Based on experience, the non-compliance of such agreements is most often raised when disputes arise before industrial tribunals on the termination of the employment contract. Unfortunately, it is then too late to regularize the situation. Therefore, it may be advisable to have individual agreements provided for a forfait-jours reviewed by an employment lawyer experienced in litigation without waiting for litigation to arise. A review will identify the matters that need to be addressed and may include an estimate of the financial risk incurred in the event of non-compliance.
Who is responsible for controlling working time and workload for executives?
The employer is responsible for controlling the workload, the number and the length of the working days of the executives. This responsibility cannot be transferred to the employee. In practice, the employer must set up a system to regularly monitor the number of working days and the workload of the employee. For example, the employee may be required to complete a time sheet on a monthly basis or to enter his/her working days digitally in a program set up for this purpose. The employer must also hold at least one annual interview (unless additional interviews are provided for in the applicable collective agreement) with the employee during which the latter’s workload must be discussed as well as the balance between his/her working and personal life.
Key point: controlling the workload of executives is a very sensitive topic in France and gives rise to a very large number of claims with very serious financial consequences. Social audits very often highlight the lack of control required by legal or conventional provisions. It is therefore strongly recommended in M&A transactions that non-compliance with French regulations on the matter be the subject of specific representations and warranties by the seller.
Is there a general obligation to monitor all employees’ working time?
From a legal standpoint, there is no general obligation for employers to monitor the working time of all employees, except employees working a certain number of days per year or employees submitted to individualized working hours (i.e., who are not subject to the collective working time in force within the company).
Key point: In practice however, it is strongly recommended to provide for such monitoring (e.g., through badge systems recording the entry and exit times of all employees) in order to avoid claims relating to the duration of working time and the payment of overtime. Based on experience, many employees regularly note their daily working hours (in particular, the hours which could be considered as overtime) and keep all supporting documents proving these hours worked.
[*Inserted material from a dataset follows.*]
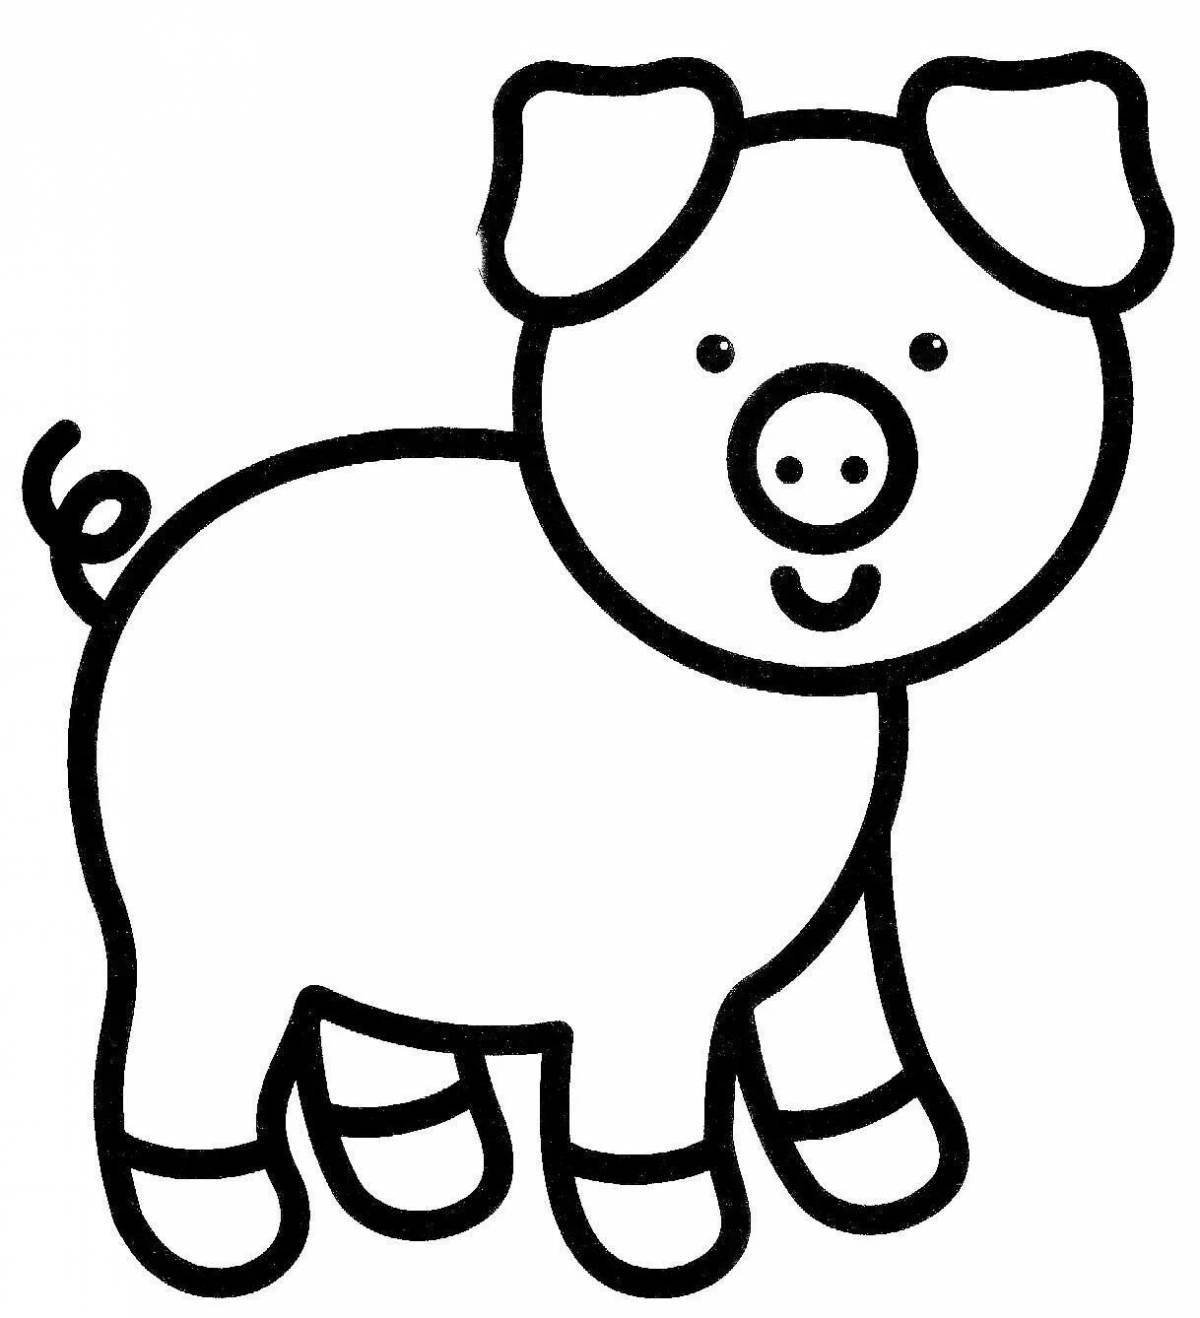 Coloring page template for 2 year olds

In the event of a claim, it is up to the employer who disputes the alleged overtime to prove the hours actually worked. Failing that, the employer will be considered as not having complied with the regulations on working time.
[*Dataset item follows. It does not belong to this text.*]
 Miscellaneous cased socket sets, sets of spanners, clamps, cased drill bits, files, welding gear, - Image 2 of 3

To conclude, working time is an essential topic in any social audit, whether this audit is prior to an acquisition transaction (thereby allowing for a negotiation on price or the inclusion of specific warranties) or is carried out for other reasons. In each case, the aim is the same: assessing the compliance of the company’s HR practices with the applicable legal rules, employment contracts or collective agreements, identifying and quantifying the major areas of risk, and recommending the appropriate solutions to minimize them.